== Segment start ==

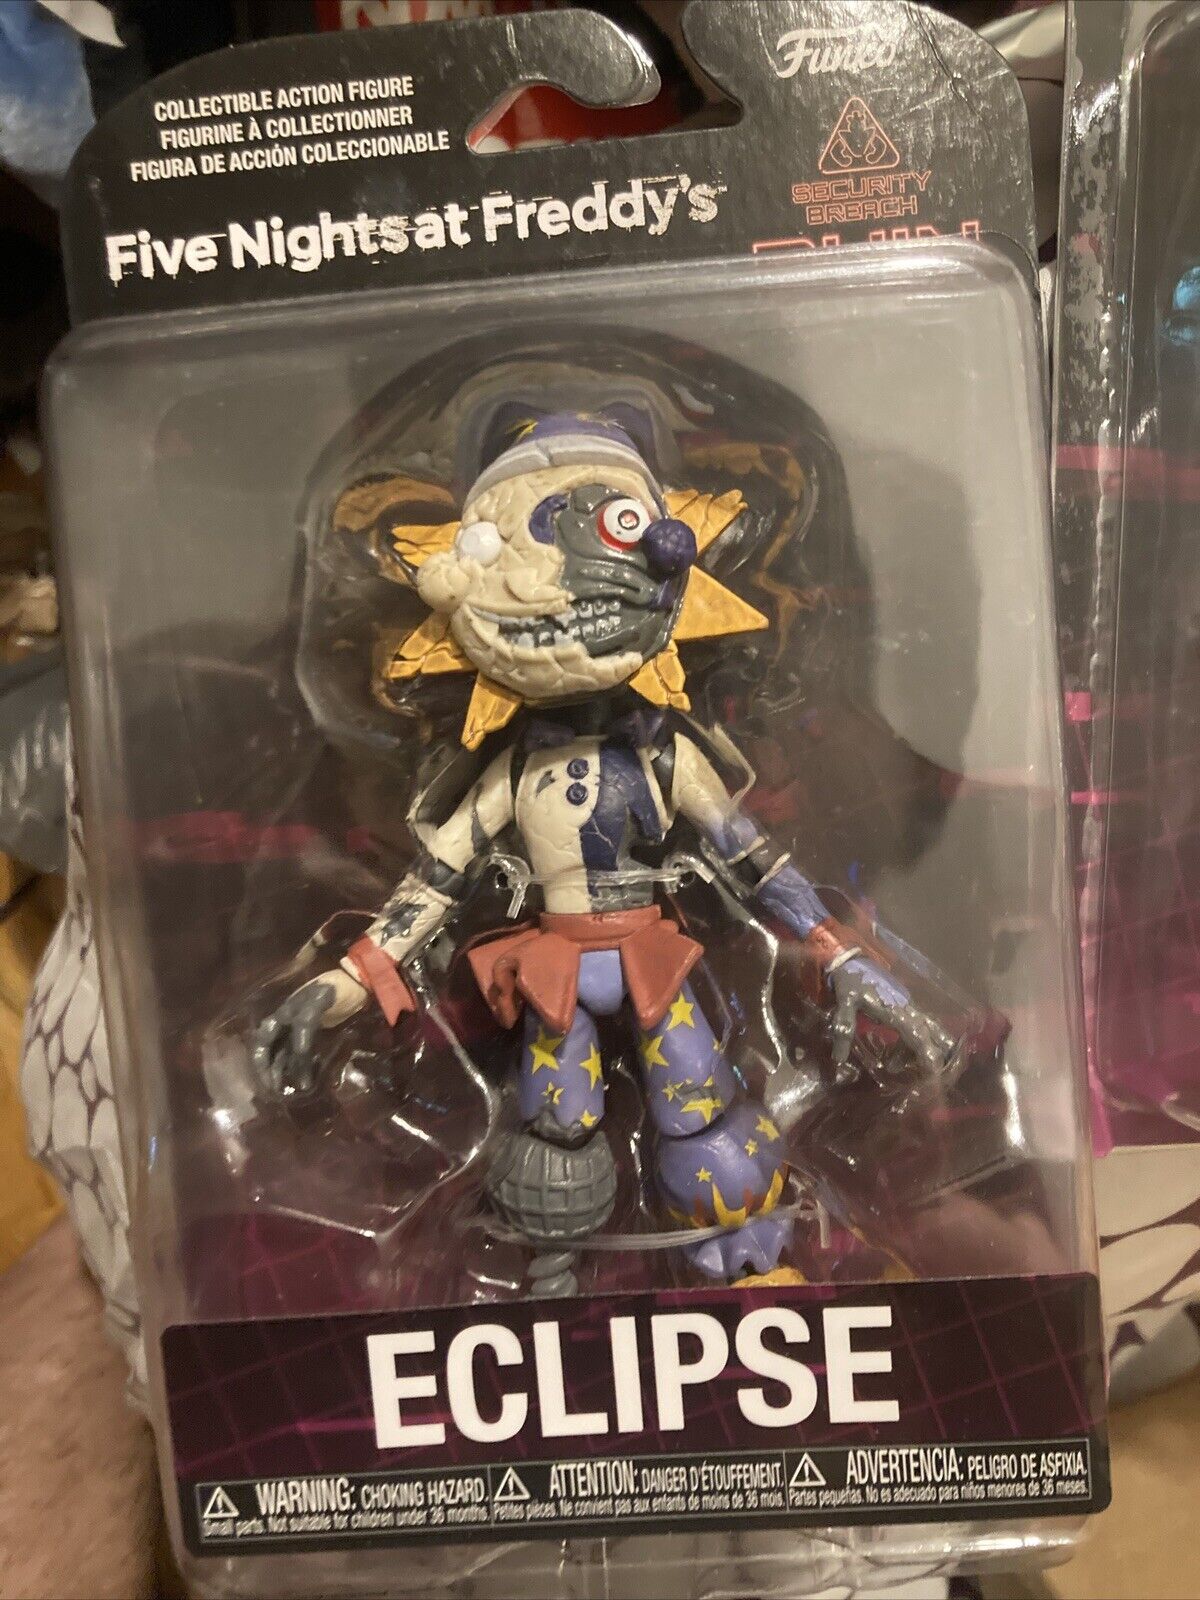 Funko Five Nights At Freddy’s: Security Breach Ruined Eclipse Figure In Hand
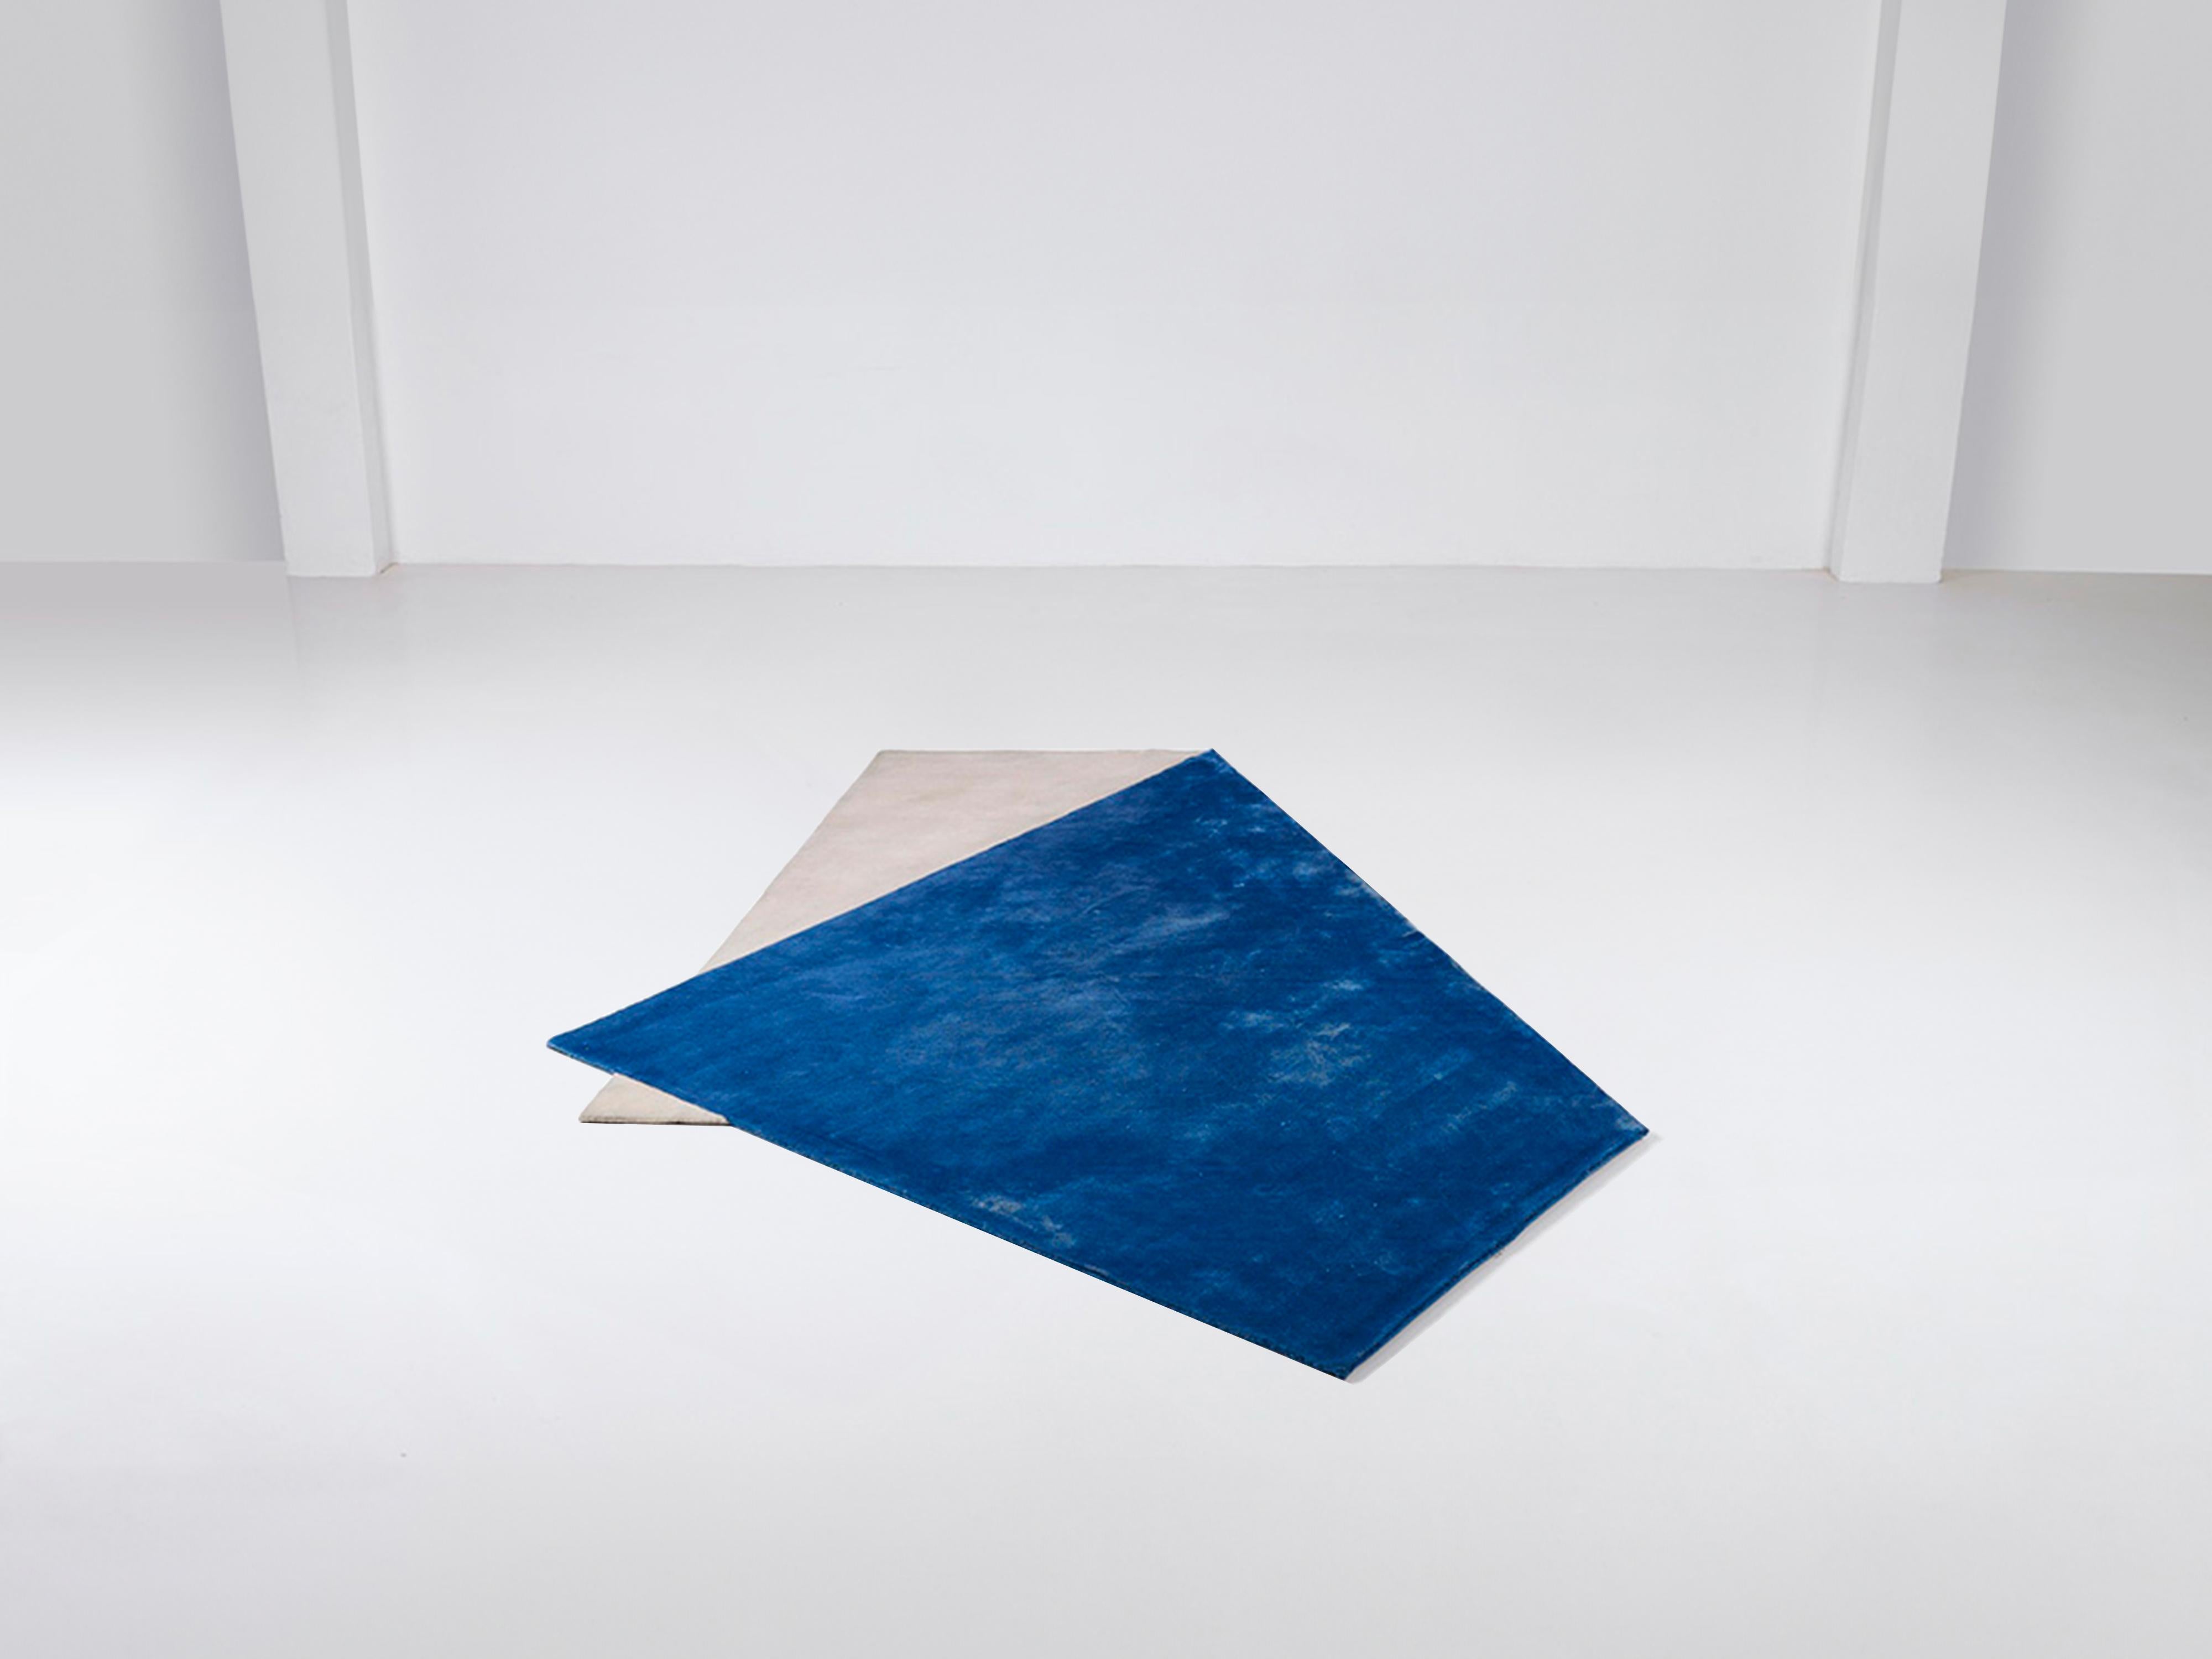 Materials: wool and bamboo silk

Colours: white and blue (also available in black and white)

For Paradisoterrestre Pierre Gonalons designed The Other Side collection inspired by the pleat, the reverse of things, the verso which is usually hidden, a
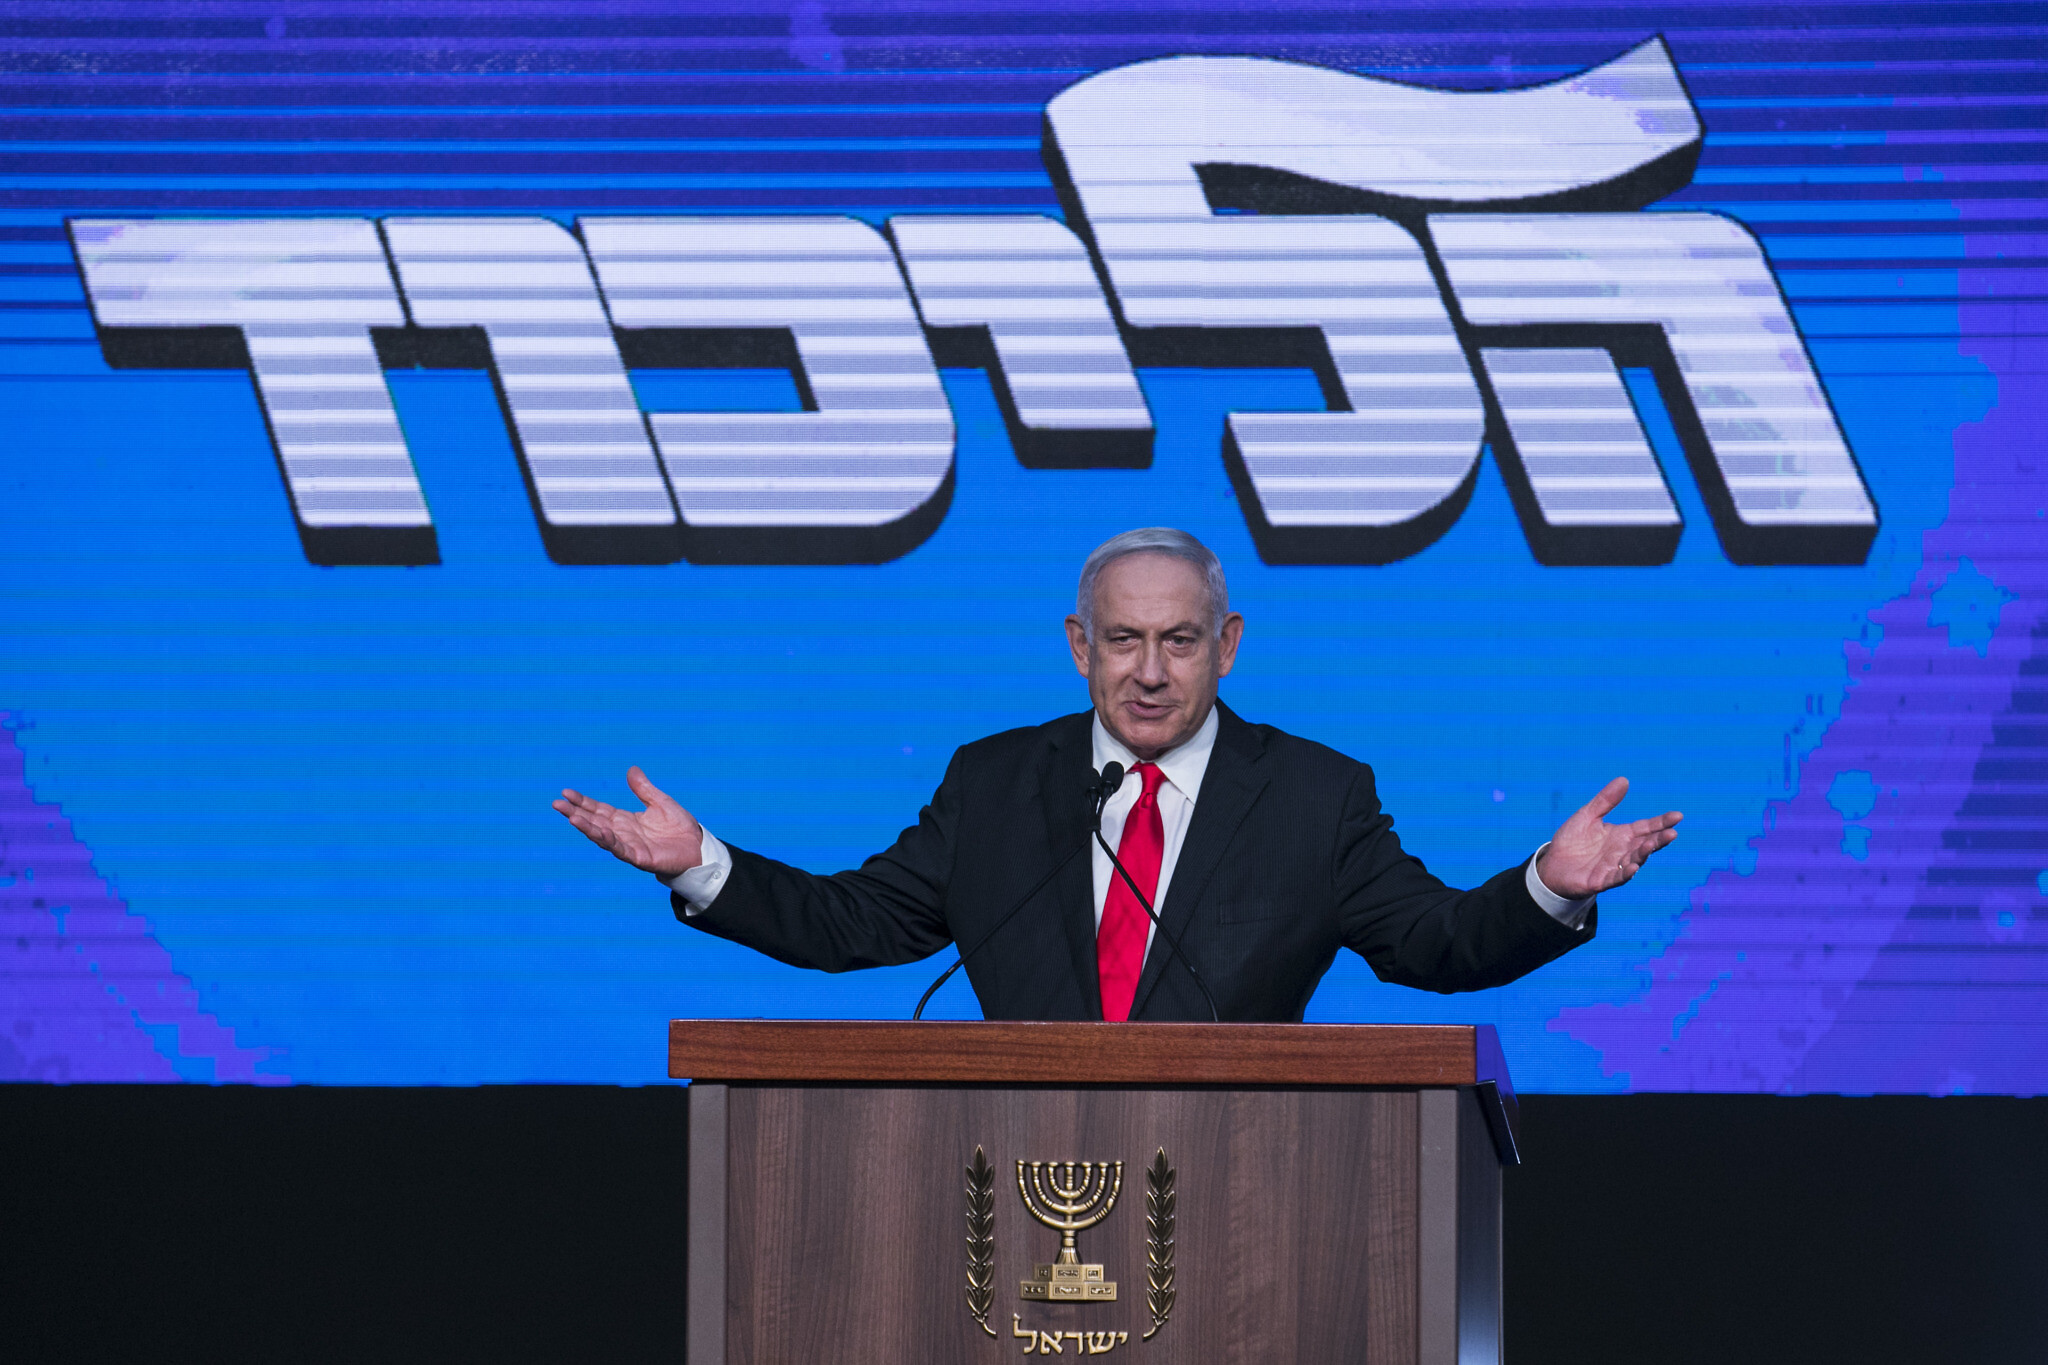 Prime Minister Benjamin Netanyahu addresses his supporters on the night of the Israeli elections, at a Likud party event in Jerusalem, in the early hours of March 24, 2021. (Olivier Fitoussi/Flash90)

== Segment end ==

[Directions for this task]: Print the full listing above again with exact wording and no images.

[Exercise answer]:
 Funko Five Nights At Freddy’s: Security Breach Ruined Eclipse Figure In Hand
 Materials: wool and bamboo silk

Colours: white and blue (also available in black and white)

For Paradisoterrestre Pierre Gonalons designed The Other Side collection inspired by the pleat, the reverse of things, the verso which is usually hidden, a
 Prime Minister Benjamin Netanyahu addresses his supporters on the night of the Israeli elections, at a Likud party event in Jerusalem, in the early hours of March 24, 2021. (Olivier Fitoussi/Flash90)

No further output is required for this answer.